Yetmiyor, evlerine gelen misafirlerin kimisi Mesnevi’yi şerh etmiş, kimisi rektör, kimisi de Bediüzzaman Füruzanfer gibi gerçek edebiyat uzmanı; hatta Tagore gibi Nobelli bir Hint şairi bile konukları olabiliyor.

Bilginin uslanmaz yolcusu

Sonra ABD yılları ve bugün her biri sahalarında gerçek birer klasik olan bilim tarihçileri George Sarton’dan De Santillana’ya, filozof Bertrand Russell’dan Sibernetiğin teorisyeni Norbert Wiener’a, Hint filozofu Radhakrişnan’dan bir ara Türkiye’ye de gelen müzikolog Paul Hindemith’e, yazarın “İngilizce konuşulan ülkelerde yetişmiş en büyük İslam araştırmacısı” olarak takdim ettiği H. A. R. Gibb’den sonradan ABD’nin en şöhretli diplomatlarından olan Prof. Henry Kissinger’a, sabık İran Şahı Rıza ve eşi Farah Diba’dan Allâme Tabatabaî’ye ve daha pek çok ilim ve devlet adamına kadar uzanan geniş ve enternasyonal bir ağa dahil olmayı başaran Nasr’ı Nasr yapan somut faktörleri bu özet otobiyografisinden öğrenebiliyoruz.

Gerçekten de şanslı biri diyorsunuz okurken.

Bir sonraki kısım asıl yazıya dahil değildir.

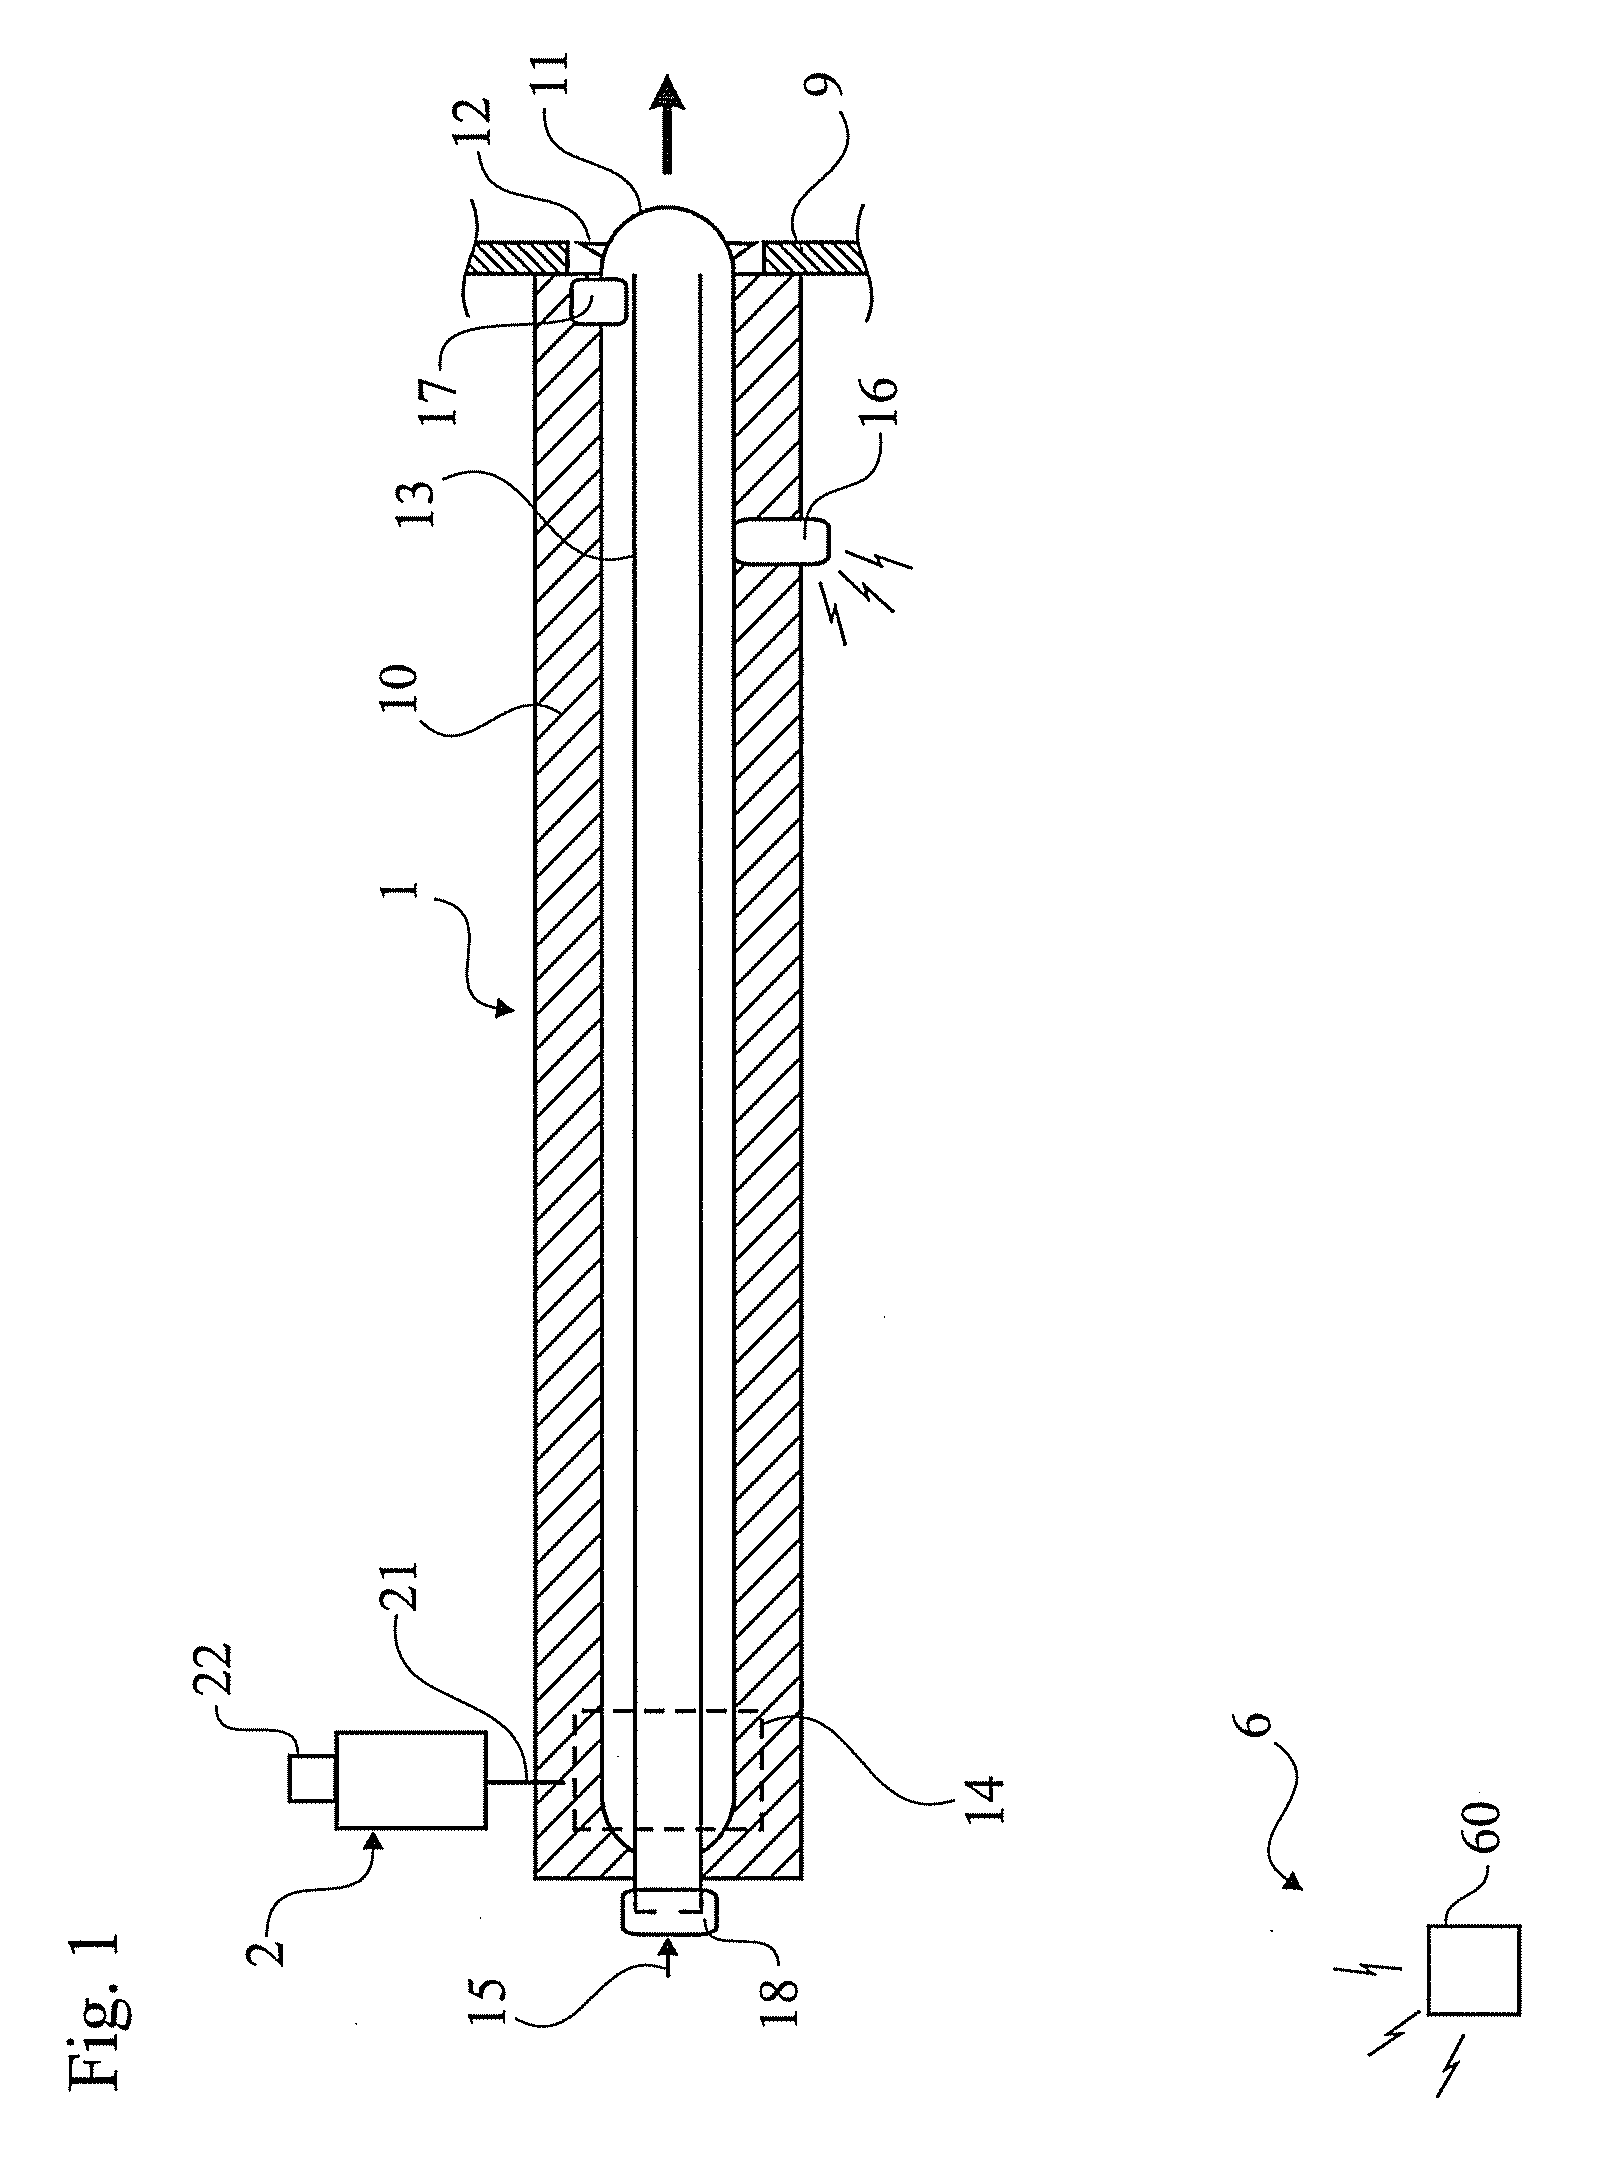 Method for measuring conditions in a power boiler furnace using a sootblower

Lakin şansını, zannettiğimiz gibi sadece kucağında bulmakla kalmıyor; arıyor. Kendisi de arayışla geçen ömrünü şu kelimelerle özetlemiş: “Herkes bireysel olarak hakikatin peşinde olmalı. Tıpkı nefes alıp vermek gibi birilerinin bizim adımıza yapamayacağı türden bir şey bu.”

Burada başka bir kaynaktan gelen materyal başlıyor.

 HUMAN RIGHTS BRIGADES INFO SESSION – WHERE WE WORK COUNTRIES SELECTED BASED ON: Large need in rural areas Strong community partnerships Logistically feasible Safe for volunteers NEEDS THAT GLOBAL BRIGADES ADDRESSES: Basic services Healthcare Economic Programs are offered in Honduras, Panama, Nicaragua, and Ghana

Bilginin uslanmaz yolcusu… Ebedî hikmetin peşinde koşan adam… Kütüphaneleri cennete benzeten bir ilim aşığı…

Görücü usulü evlenme

Şimdilerde 74 yaşında bulunan Nasr’ı anlamak için fikrî hayatının merhalelerini anlattığı son kitabına eğilmek birçok bakımdan eğitici oluyor. Mesela hem Çin ve Hint düşüncesine, geleneksel İran hikmetine, İslam bilim ve felsefe tarihine, hem de Batı bilim ve felsefesine duyduğu dinmek bilmeyen susuzluk, Nasr’ı kendi kültürüne ve inancına yabancılaşmadan modern söylemin imkânlarından yararlanarak renkli bir koza örmeye götürmüş. Batı’yı içinden tanırken, ait olduğu medeniyet dairesinin kabuğundan içeri girmeye ve orada yaşamaya, yalnız yaşamak değil, sürekli beslenmeye çalışmış.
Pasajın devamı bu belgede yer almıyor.